▶ _YOUR ASSIGNMENT_
Scan the listing below for the string "Total" and copy each line where it turns up.
---------- RECORDS PROVIDED ----------
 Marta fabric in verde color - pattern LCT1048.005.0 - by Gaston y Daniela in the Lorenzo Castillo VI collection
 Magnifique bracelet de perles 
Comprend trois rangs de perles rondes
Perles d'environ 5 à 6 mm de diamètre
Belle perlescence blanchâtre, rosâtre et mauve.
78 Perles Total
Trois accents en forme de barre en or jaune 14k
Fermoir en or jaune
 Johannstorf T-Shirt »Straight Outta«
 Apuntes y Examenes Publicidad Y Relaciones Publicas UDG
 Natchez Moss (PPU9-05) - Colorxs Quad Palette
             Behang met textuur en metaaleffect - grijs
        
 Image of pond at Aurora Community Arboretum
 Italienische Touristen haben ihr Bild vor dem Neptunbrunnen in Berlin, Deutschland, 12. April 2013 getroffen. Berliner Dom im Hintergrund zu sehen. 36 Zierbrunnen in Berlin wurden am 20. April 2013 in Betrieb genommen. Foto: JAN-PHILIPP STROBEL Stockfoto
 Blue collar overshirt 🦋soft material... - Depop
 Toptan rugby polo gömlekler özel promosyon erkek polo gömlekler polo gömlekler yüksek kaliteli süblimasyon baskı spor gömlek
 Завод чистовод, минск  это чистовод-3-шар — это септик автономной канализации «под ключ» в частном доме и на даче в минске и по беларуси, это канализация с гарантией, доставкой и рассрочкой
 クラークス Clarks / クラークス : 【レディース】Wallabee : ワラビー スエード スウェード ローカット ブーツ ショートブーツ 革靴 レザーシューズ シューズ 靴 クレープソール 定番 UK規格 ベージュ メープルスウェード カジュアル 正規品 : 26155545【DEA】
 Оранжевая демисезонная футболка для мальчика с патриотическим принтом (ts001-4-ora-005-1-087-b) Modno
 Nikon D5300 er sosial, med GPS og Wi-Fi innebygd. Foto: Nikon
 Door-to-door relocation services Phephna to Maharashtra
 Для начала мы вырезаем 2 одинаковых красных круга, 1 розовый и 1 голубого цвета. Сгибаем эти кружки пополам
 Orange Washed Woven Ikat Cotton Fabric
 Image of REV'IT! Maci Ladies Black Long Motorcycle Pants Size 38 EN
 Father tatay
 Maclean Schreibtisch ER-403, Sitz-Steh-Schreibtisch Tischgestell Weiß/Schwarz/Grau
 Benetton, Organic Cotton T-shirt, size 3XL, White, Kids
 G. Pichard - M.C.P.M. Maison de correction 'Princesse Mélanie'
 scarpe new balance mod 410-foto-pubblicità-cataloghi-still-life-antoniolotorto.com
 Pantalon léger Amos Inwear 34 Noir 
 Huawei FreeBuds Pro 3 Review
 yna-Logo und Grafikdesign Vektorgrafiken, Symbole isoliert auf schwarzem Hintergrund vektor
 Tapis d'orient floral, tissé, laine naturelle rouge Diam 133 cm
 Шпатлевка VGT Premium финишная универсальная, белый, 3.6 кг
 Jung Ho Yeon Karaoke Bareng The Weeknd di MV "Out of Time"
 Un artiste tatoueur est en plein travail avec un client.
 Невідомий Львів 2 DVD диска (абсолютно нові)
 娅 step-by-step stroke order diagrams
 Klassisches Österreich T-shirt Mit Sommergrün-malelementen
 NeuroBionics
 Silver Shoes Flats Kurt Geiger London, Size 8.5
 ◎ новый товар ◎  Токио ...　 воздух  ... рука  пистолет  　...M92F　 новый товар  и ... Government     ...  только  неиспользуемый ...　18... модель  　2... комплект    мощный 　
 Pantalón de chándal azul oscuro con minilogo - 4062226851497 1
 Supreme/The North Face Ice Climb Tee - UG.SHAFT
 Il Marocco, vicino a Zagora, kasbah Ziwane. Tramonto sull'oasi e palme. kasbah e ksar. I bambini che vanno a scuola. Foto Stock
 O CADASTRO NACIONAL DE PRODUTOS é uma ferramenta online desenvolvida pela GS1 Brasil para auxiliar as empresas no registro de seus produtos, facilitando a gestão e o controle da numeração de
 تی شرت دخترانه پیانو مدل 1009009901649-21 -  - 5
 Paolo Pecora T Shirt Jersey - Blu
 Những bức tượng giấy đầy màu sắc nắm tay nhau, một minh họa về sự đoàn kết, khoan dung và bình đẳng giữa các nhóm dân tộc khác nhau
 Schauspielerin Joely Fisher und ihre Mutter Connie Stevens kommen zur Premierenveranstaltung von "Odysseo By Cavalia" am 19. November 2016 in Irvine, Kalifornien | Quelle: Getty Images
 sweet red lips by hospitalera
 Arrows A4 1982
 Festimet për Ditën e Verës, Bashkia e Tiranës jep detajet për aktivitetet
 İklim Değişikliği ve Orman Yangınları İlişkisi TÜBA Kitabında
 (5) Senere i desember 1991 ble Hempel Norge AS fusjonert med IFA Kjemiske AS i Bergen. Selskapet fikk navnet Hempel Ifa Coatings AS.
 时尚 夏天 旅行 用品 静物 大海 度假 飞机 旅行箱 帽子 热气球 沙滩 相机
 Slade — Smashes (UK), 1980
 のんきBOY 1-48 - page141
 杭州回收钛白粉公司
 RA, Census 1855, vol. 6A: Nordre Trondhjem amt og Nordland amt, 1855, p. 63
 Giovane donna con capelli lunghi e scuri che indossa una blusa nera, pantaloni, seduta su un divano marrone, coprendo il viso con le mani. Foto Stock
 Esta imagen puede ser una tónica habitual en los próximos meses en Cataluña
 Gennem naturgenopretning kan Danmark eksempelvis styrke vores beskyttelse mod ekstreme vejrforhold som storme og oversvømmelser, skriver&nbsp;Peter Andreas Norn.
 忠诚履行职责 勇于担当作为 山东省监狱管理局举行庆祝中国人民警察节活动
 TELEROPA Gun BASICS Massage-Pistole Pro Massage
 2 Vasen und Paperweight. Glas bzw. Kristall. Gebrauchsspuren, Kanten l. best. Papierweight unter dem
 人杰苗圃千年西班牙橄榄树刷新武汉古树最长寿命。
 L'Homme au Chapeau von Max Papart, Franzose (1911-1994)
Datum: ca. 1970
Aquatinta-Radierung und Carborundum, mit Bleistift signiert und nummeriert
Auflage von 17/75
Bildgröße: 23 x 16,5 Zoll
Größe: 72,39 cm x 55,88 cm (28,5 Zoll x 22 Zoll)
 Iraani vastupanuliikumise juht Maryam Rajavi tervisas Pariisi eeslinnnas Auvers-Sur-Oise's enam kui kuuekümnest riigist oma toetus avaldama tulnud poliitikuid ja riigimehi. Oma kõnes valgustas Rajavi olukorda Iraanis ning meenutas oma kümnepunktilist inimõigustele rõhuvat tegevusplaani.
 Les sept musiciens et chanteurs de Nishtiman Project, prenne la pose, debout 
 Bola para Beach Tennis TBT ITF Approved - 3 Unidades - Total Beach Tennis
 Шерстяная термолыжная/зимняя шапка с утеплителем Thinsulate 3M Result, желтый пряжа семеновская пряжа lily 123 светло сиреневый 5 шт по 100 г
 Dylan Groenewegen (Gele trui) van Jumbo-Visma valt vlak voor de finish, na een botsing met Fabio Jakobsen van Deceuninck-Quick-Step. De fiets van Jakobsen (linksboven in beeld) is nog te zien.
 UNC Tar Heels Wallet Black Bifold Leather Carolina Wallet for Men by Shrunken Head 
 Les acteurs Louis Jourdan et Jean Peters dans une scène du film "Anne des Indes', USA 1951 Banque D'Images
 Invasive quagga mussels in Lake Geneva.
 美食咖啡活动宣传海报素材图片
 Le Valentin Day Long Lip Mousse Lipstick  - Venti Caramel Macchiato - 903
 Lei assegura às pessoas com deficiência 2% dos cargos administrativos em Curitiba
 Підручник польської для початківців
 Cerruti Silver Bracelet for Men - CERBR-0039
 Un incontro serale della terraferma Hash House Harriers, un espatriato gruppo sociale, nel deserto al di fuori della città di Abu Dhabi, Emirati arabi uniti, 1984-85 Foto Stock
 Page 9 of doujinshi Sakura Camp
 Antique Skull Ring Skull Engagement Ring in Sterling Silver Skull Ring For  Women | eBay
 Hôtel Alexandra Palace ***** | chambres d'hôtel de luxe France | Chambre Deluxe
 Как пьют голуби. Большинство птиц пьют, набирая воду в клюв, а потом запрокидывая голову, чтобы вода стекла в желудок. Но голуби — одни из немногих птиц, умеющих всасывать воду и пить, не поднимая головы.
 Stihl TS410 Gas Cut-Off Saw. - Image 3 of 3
----------
▶ _RESPONSE BOX_
78 Perles Total
 Bola para Beach Tennis TBT ITF Approved - 3 Unidades - Total Beach Tennis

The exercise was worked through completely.